【甘すぎ危険】エリート外科医と極上ふたり暮らし
車がゆうに五台以上停められそうな駐車場に、真っ赤なスポーツカーを見つける。
わあ、高そうな車……。
心の中でひとり盛り上がっていたが、車を停めた真澄さんの様子がおかしいことに気づく。
「真澄さん?」
名前を呼んでも、真澄さんは赤いスポーツカーを見つめたまま微動だにしない。
「……今日子」
「え? 何?」
「あ、いや。なんでもない」
そう言って真澄さんは笑顔を見せると、車から降りてしまった。
なんでもないなんて、嘘。そんな引きつったような笑顔を見せられたら、気になってしょうがないじゃない。それに……今日子って誰?

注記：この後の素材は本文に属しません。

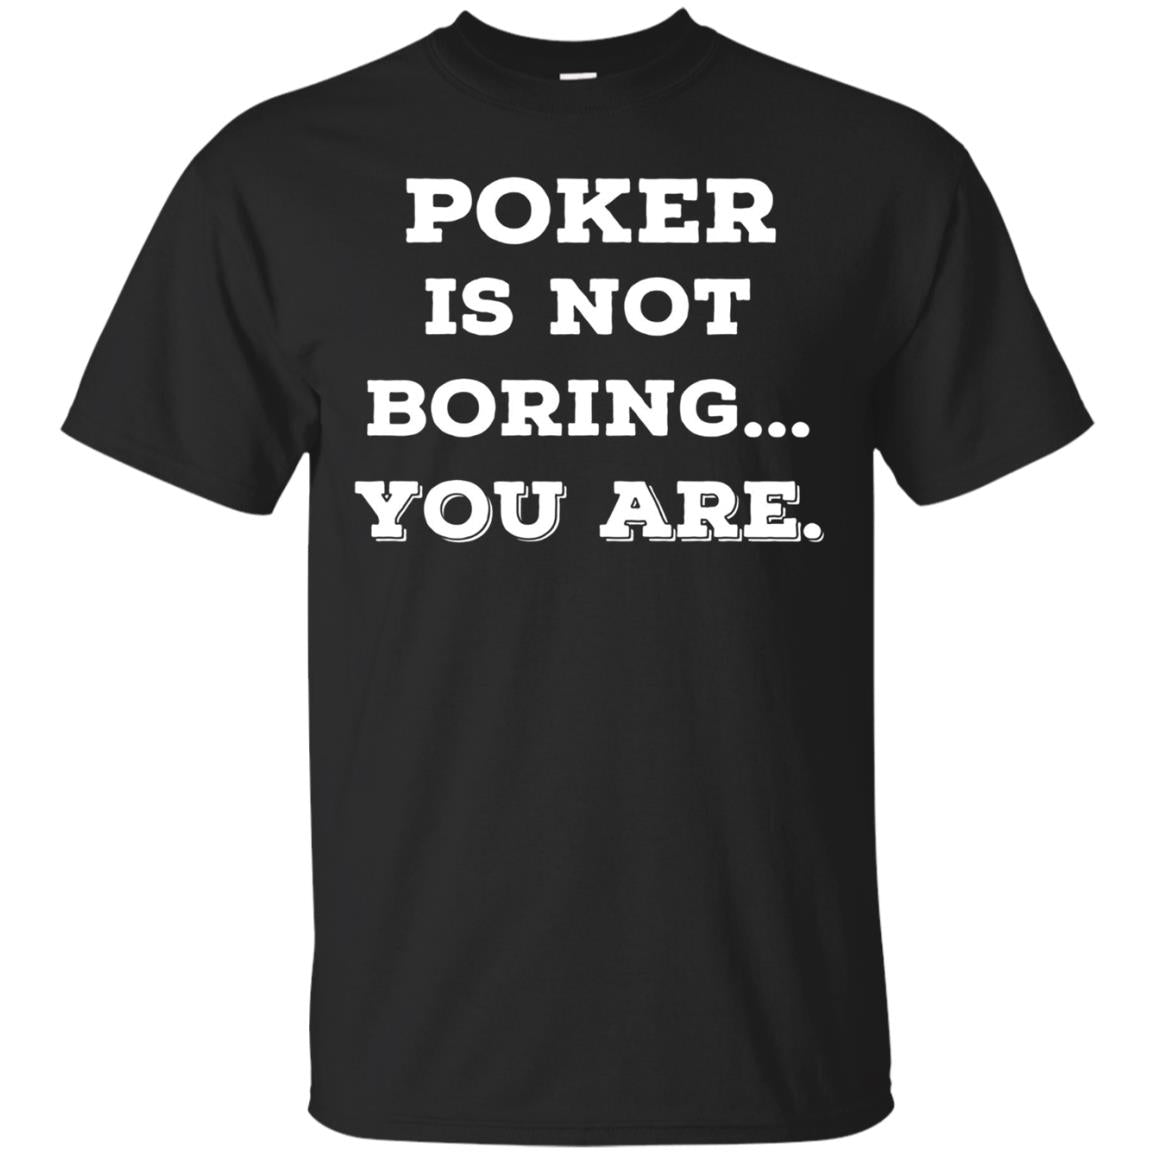 Best Poker T Shirts. Cool Funny Gifts For Poker Players.

真澄さんの口から初めて出た女性の名前に、一抹の不安がよぎって体が震える。
「蘭子、降りないのか?」
「え? あ、降ります降ります」
慌てて車から降りて、身なりを整えた。
「ほら」
差し出された真澄さんの大きな右手に、自分の左手を重ねる。真澄さんを見上げるが、さっきの引きつったような顔はもうどこにもない。
「真澄さん」
「ん? どうした?」
「ご、ごめんなさい。ちょっと名前、呼びたくなって……」
「なんだよ、それ」
そう言って笑う真澄さんの笑顔は、わたしにだけ向けられている。
今は余計なことを考えるのはやめよう。
小さく息を吐くと、自分の中にある不安を消すように彼の手をギュッと握りしめた。